Dataset excerpt –
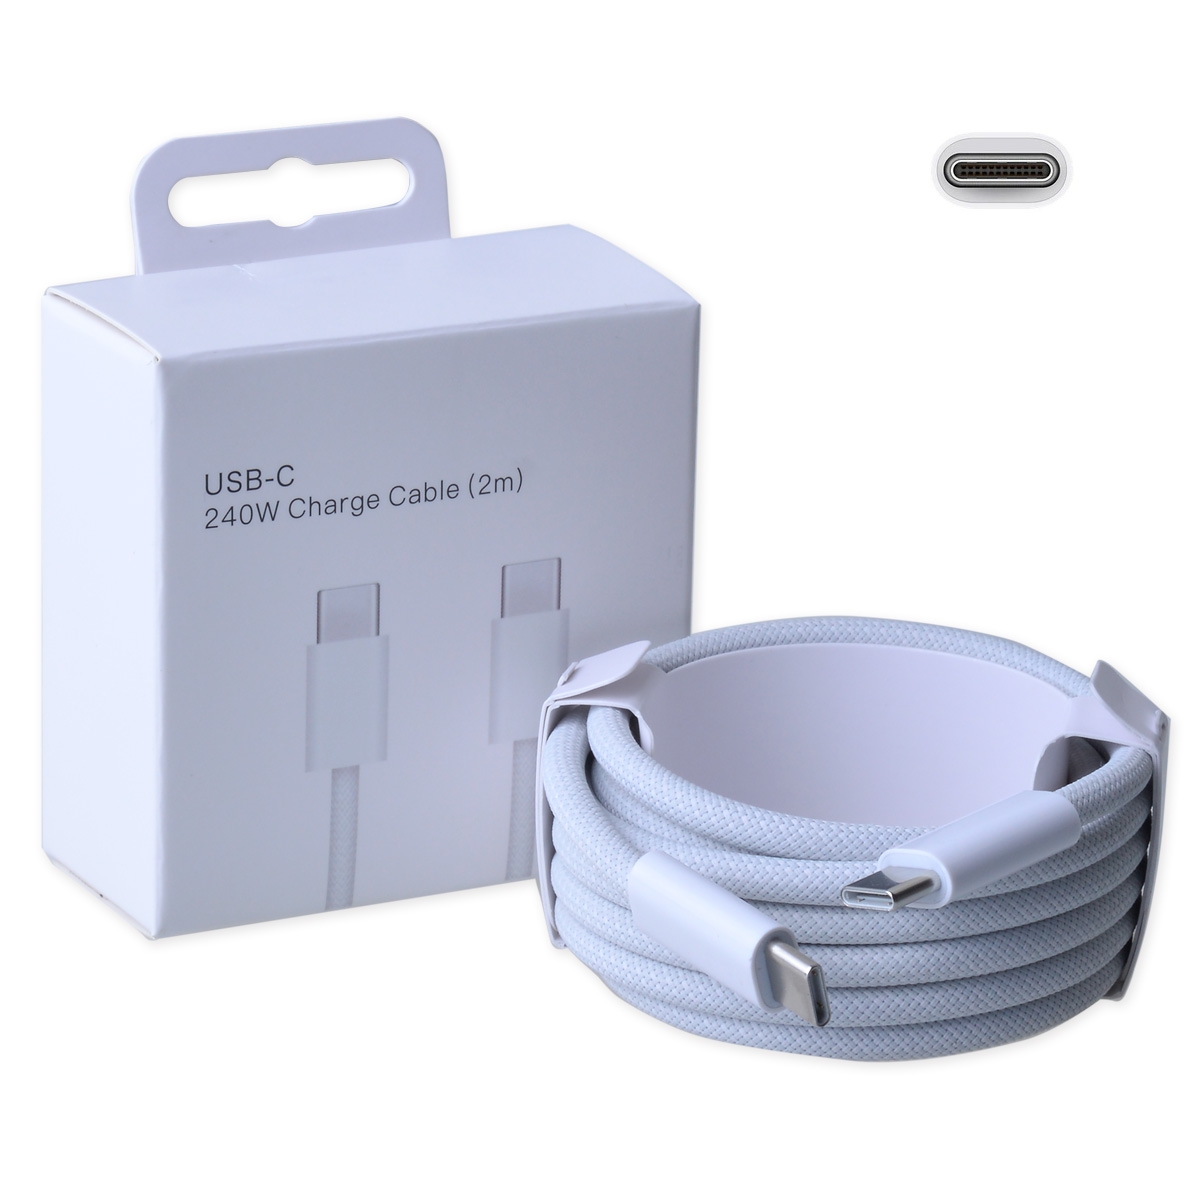 2m Type C Woven Charge Cable (240W) - White
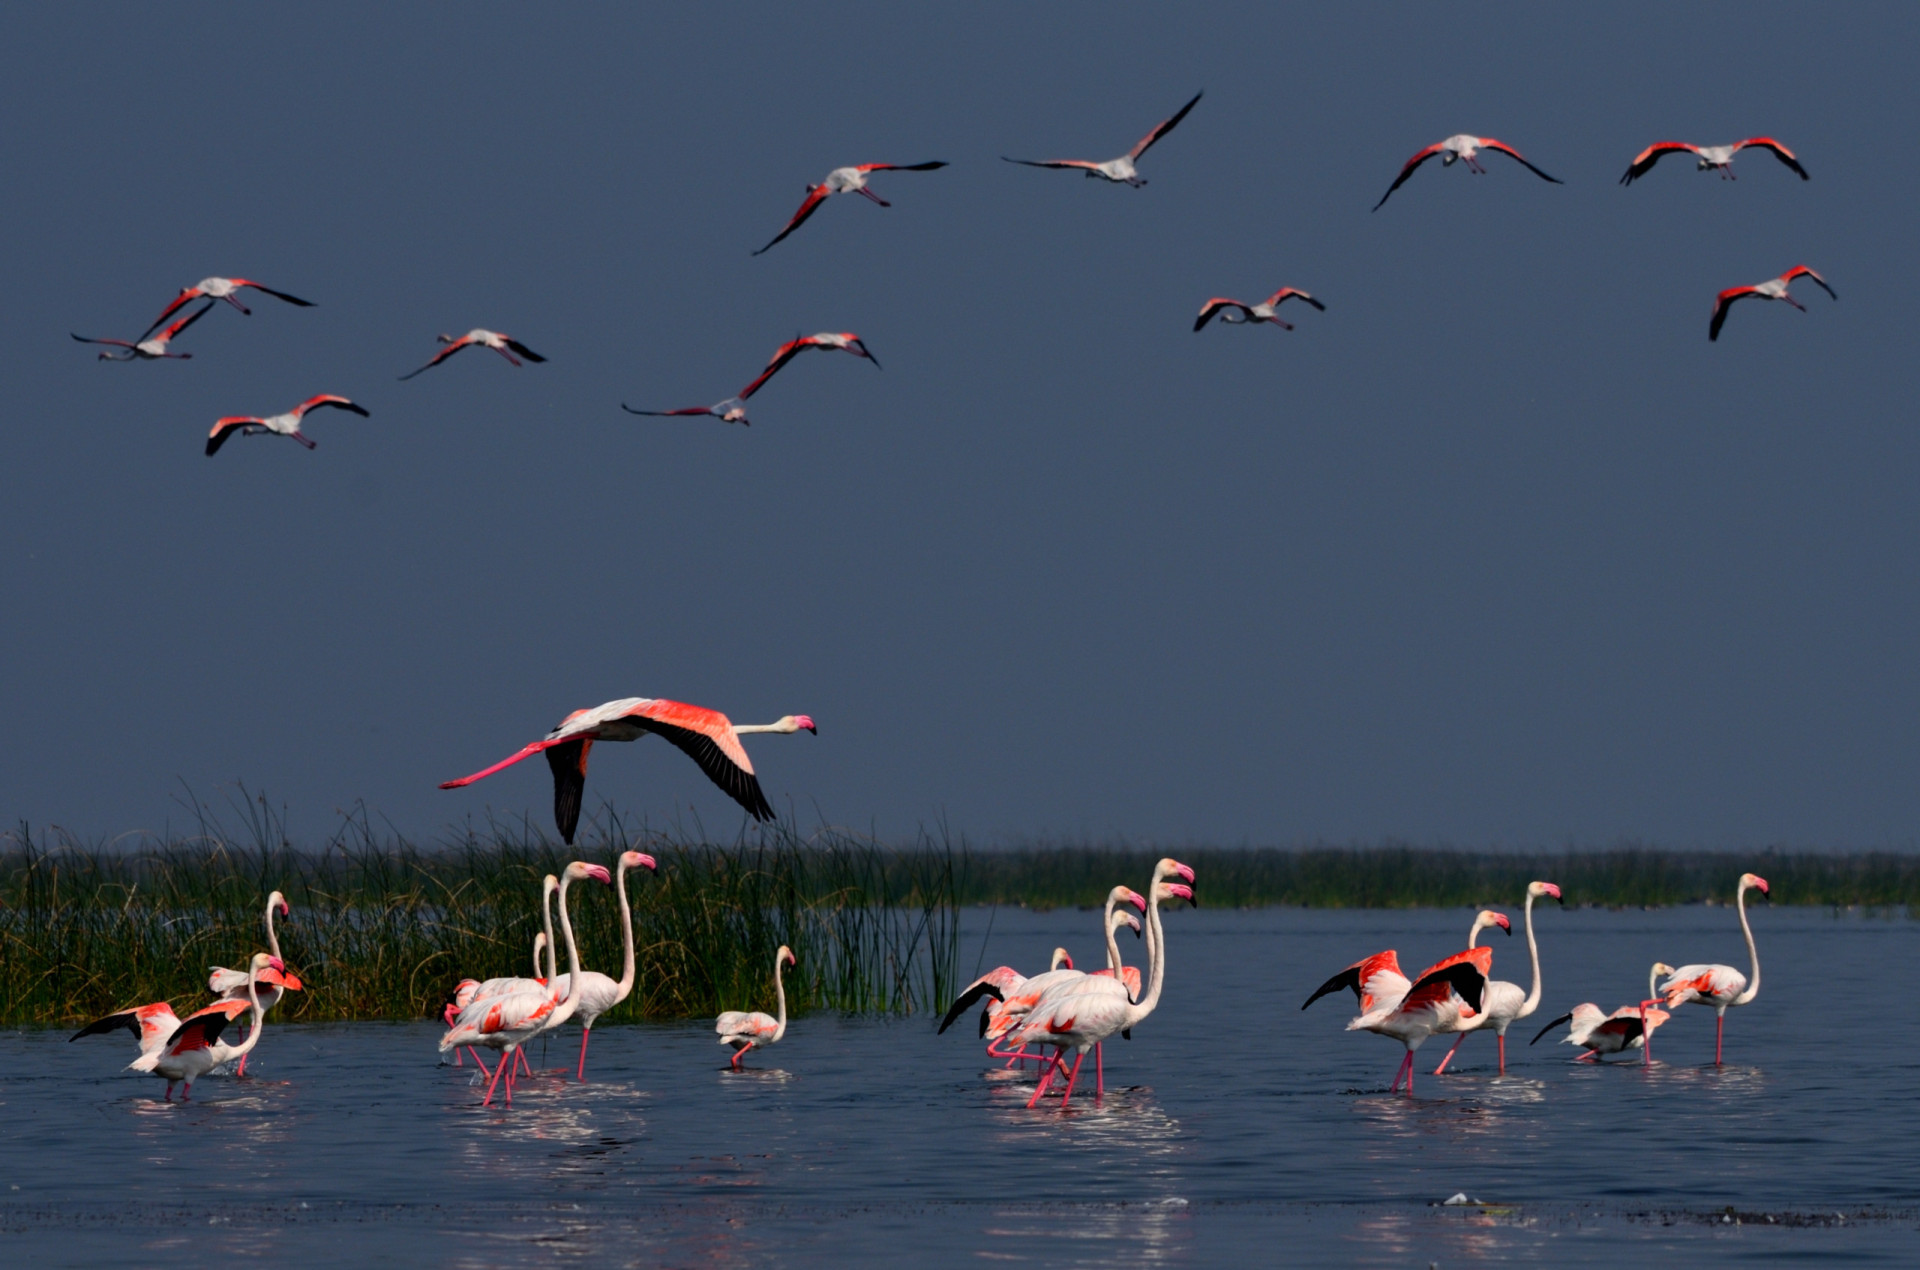 <p>The whole of Nalbana Island is a designated bird sanctuary and attracts ornithologists in their hundreds, who flock to Odisha to catch a glimpse of rare species like the spoon-billed sandpiper and Pallas's fish eagle.</p><p><a href="https://www.msn.com/en-my/community/channel/vid-7xx8mnucu55yw63we9va2gwr7uihbxwc68fxqp25x6tg4ftibpra?cvid=94631541bc0f4f89bfd59158d696ad7e">Follow us and access great exclusive content every day</a></p>
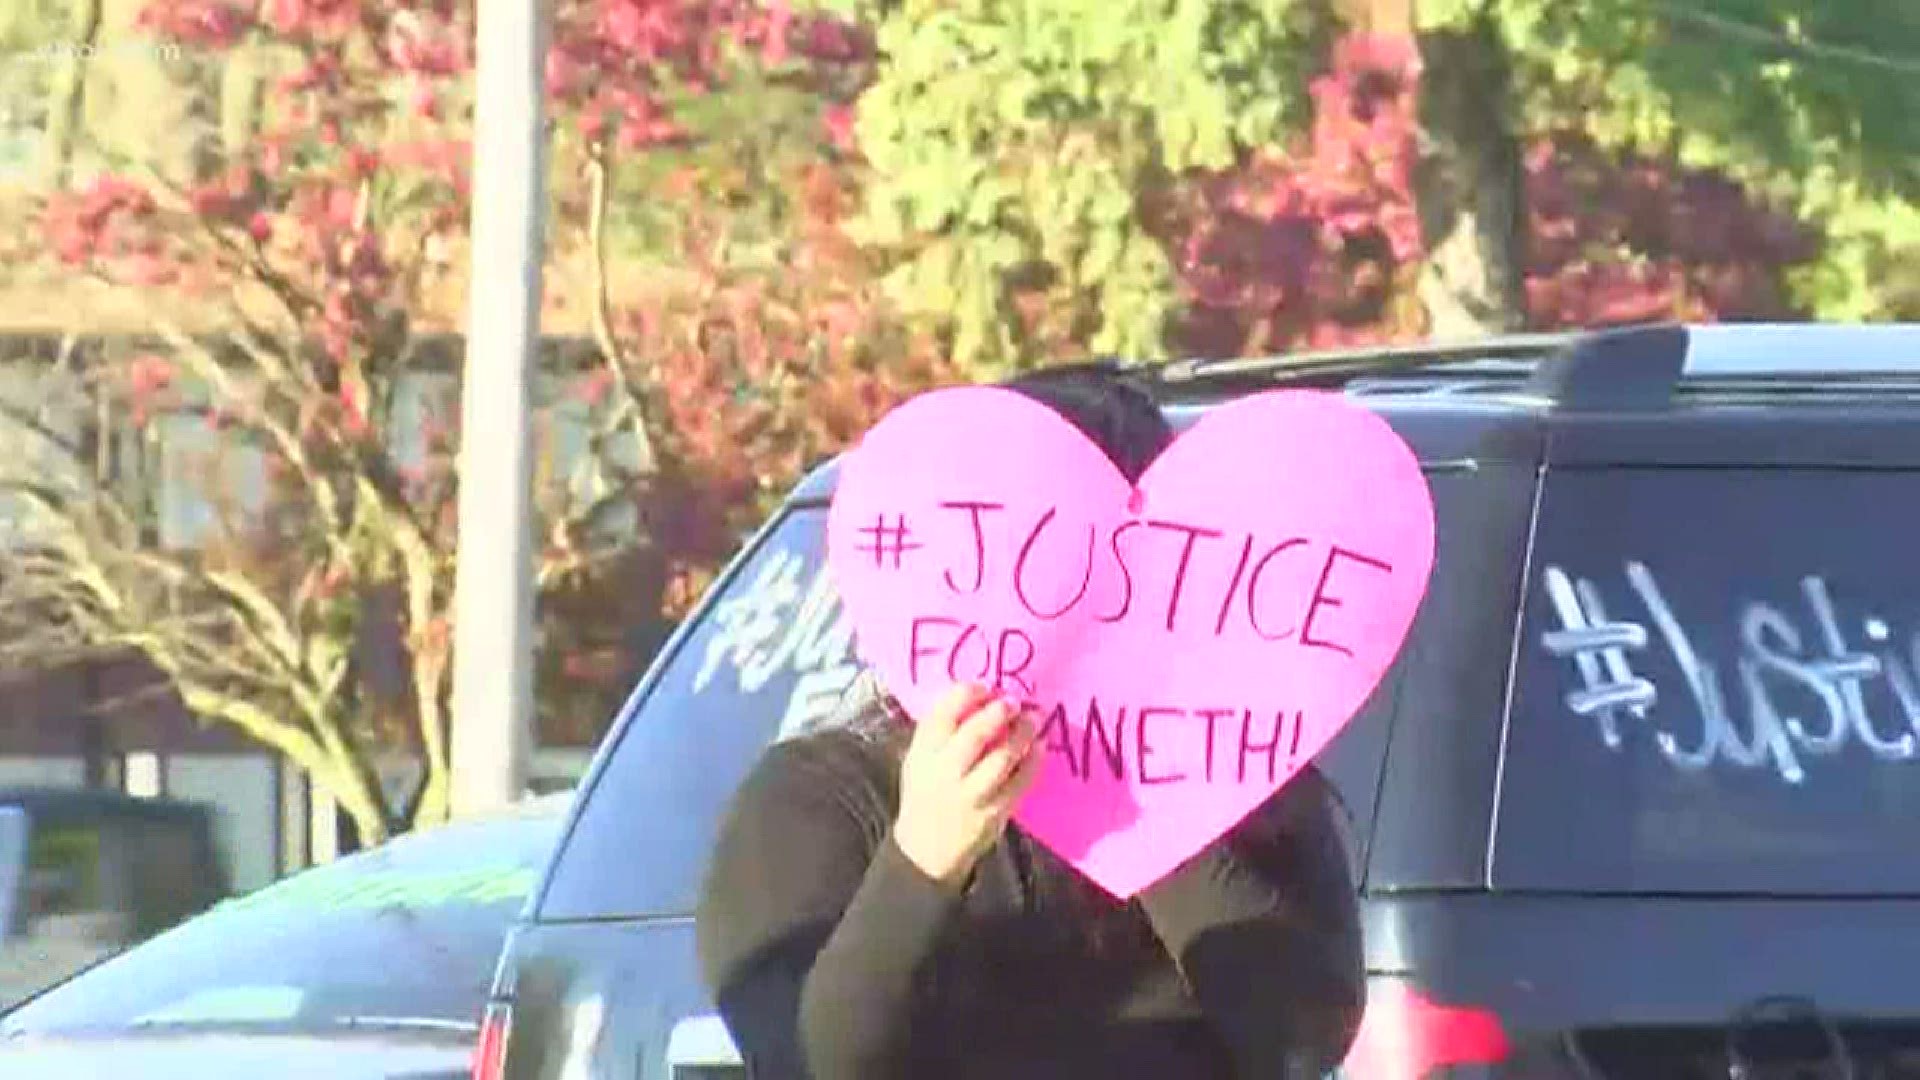 A "Ride for Justice" was organized for Emilia Janeth Silguero Guerrero, who was killed in her own home back in August.

What to do – Once the pictures are removed, output the remaining material exactly.

Result below –
 2m Type C Woven Charge Cable (240W) - White
 <p>The whole of Nalbana Island is a designated bird sanctuary and attracts ornithologists in their hundreds, who flock to Odisha to catch a glimpse of rare species like the spoon-billed sandpiper and Pallas's fish eagle.</p><p><a href="https://www.msn.com/en-my/community/channel/vid-7xx8mnucu55yw63we9va2gwr7uihbxwc68fxqp25x6tg4ftibpra?cvid=94631541bc0f4f89bfd59158d696ad7e">Follow us and access great exclusive content every day</a></p>
 A "Ride for Justice" was organized for Emilia Janeth Silguero Guerrero, who was killed in her own home back in August.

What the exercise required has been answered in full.